Images should not appear in the copy, yet every line of the listing below must be printed exactly.
──────── DATA EXTRACT ────────
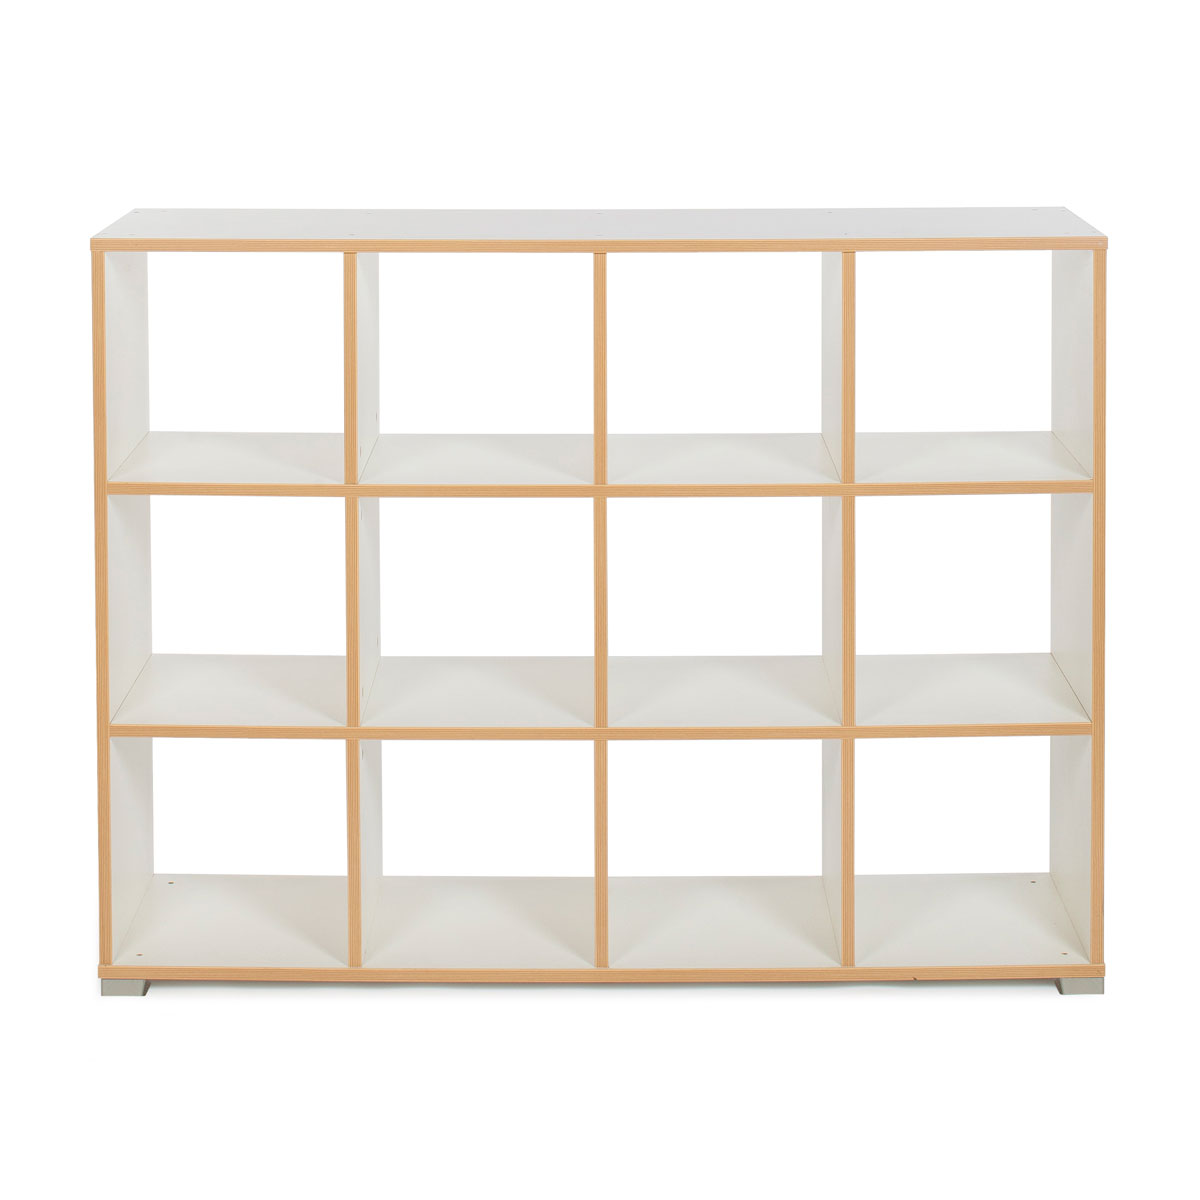 Cube room divider bush furniture ki10 kathy ireland for Ikea backless bookcase
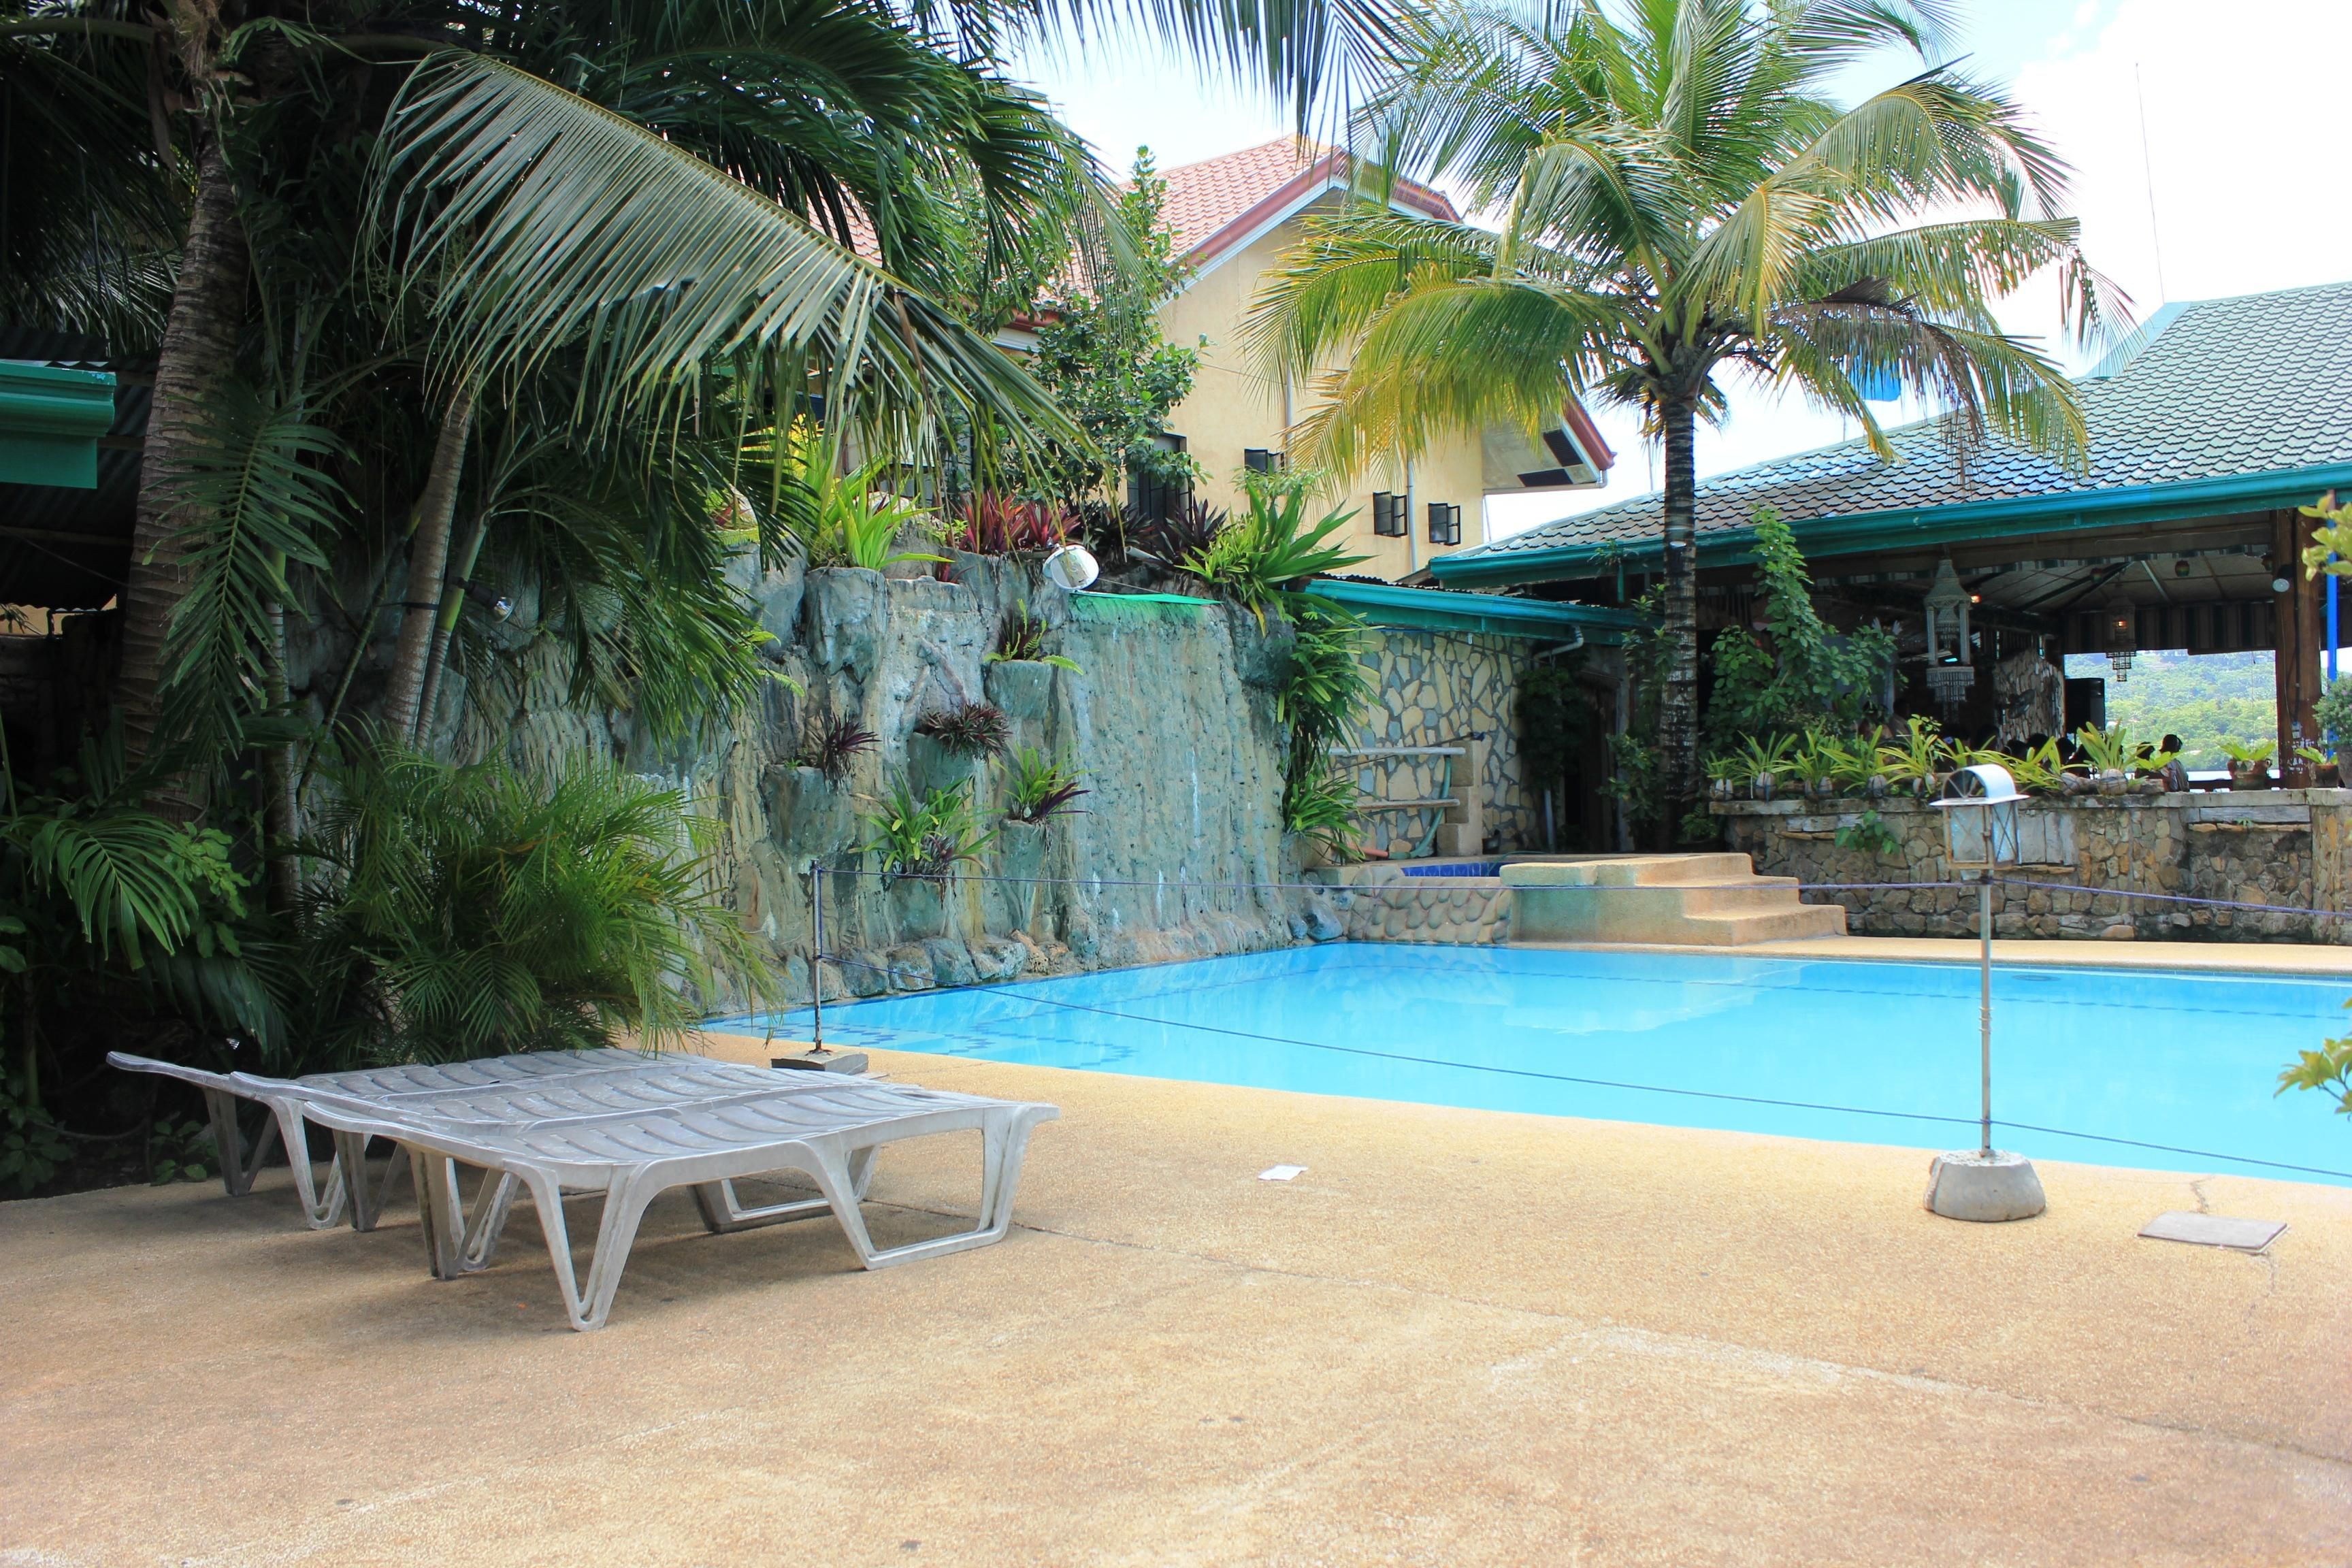 Villa Alzhun Tourist Inn and Restaurant
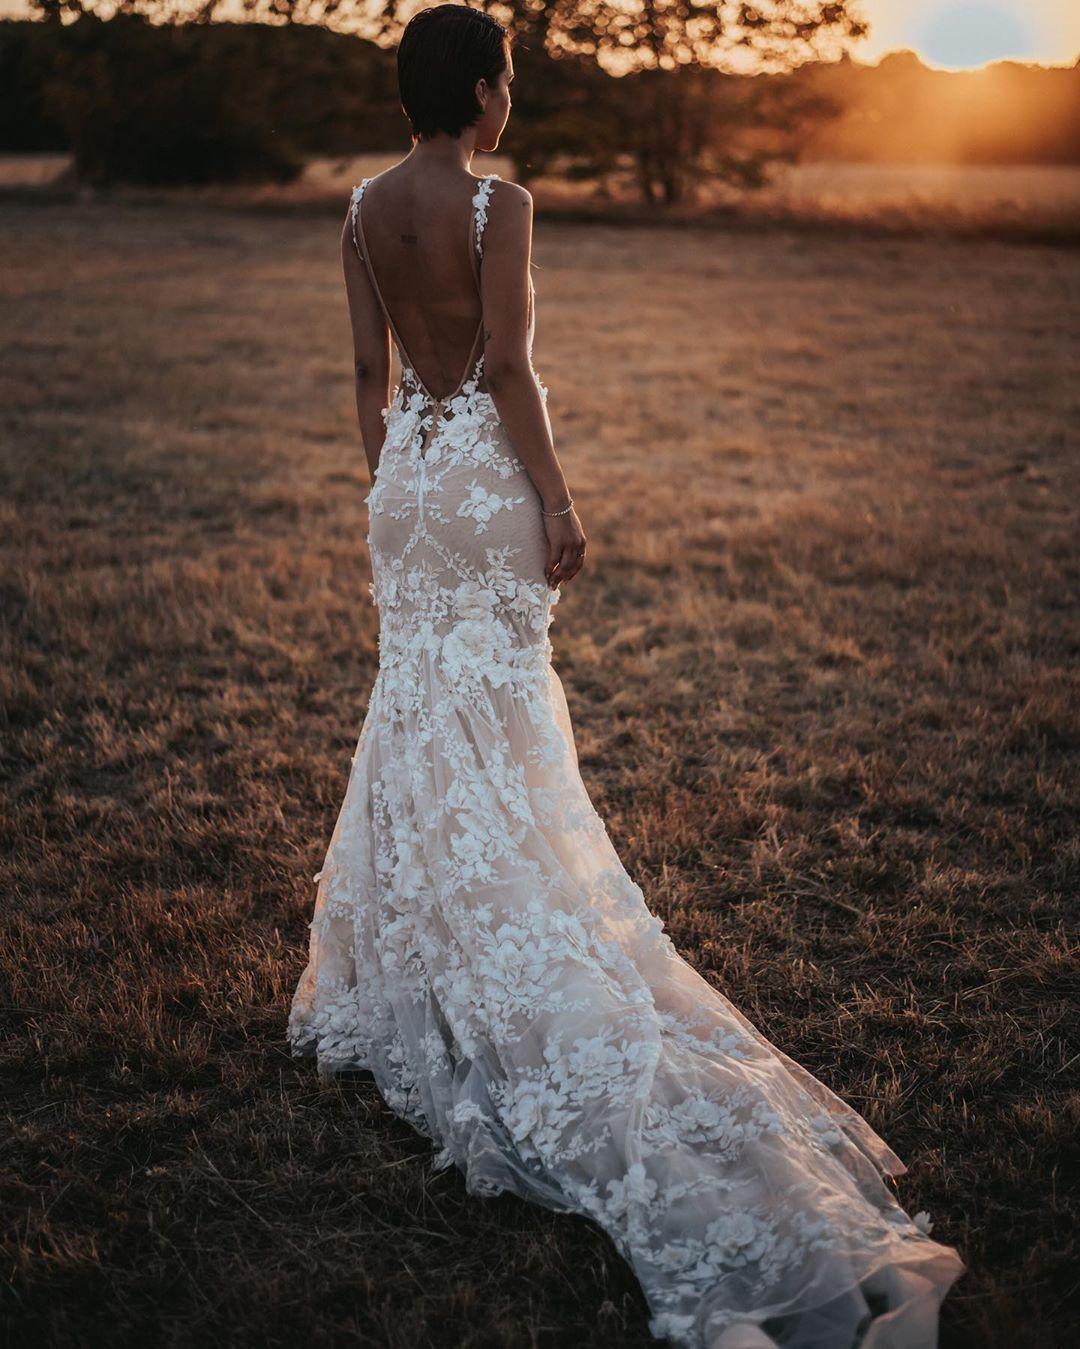 Galia Lahav Elegant Low Back Wedding Dress Wedding Dresses Elegant Wedding Dresses Lace Beach Wedding Dresses Backless [ 1349 x 1080 Pixel ]
────────
- [FINISHED TASK]:
 Cube room divider bush furniture ki10 kathy ireland for Ikea backless bookcase
 Villa Alzhun Tourist Inn and Restaurant
 Galia Lahav Elegant Low Back Wedding Dress Wedding Dresses Elegant Wedding Dresses Lace Beach Wedding Dresses Backless [ 1349 x 1080 Pixel ]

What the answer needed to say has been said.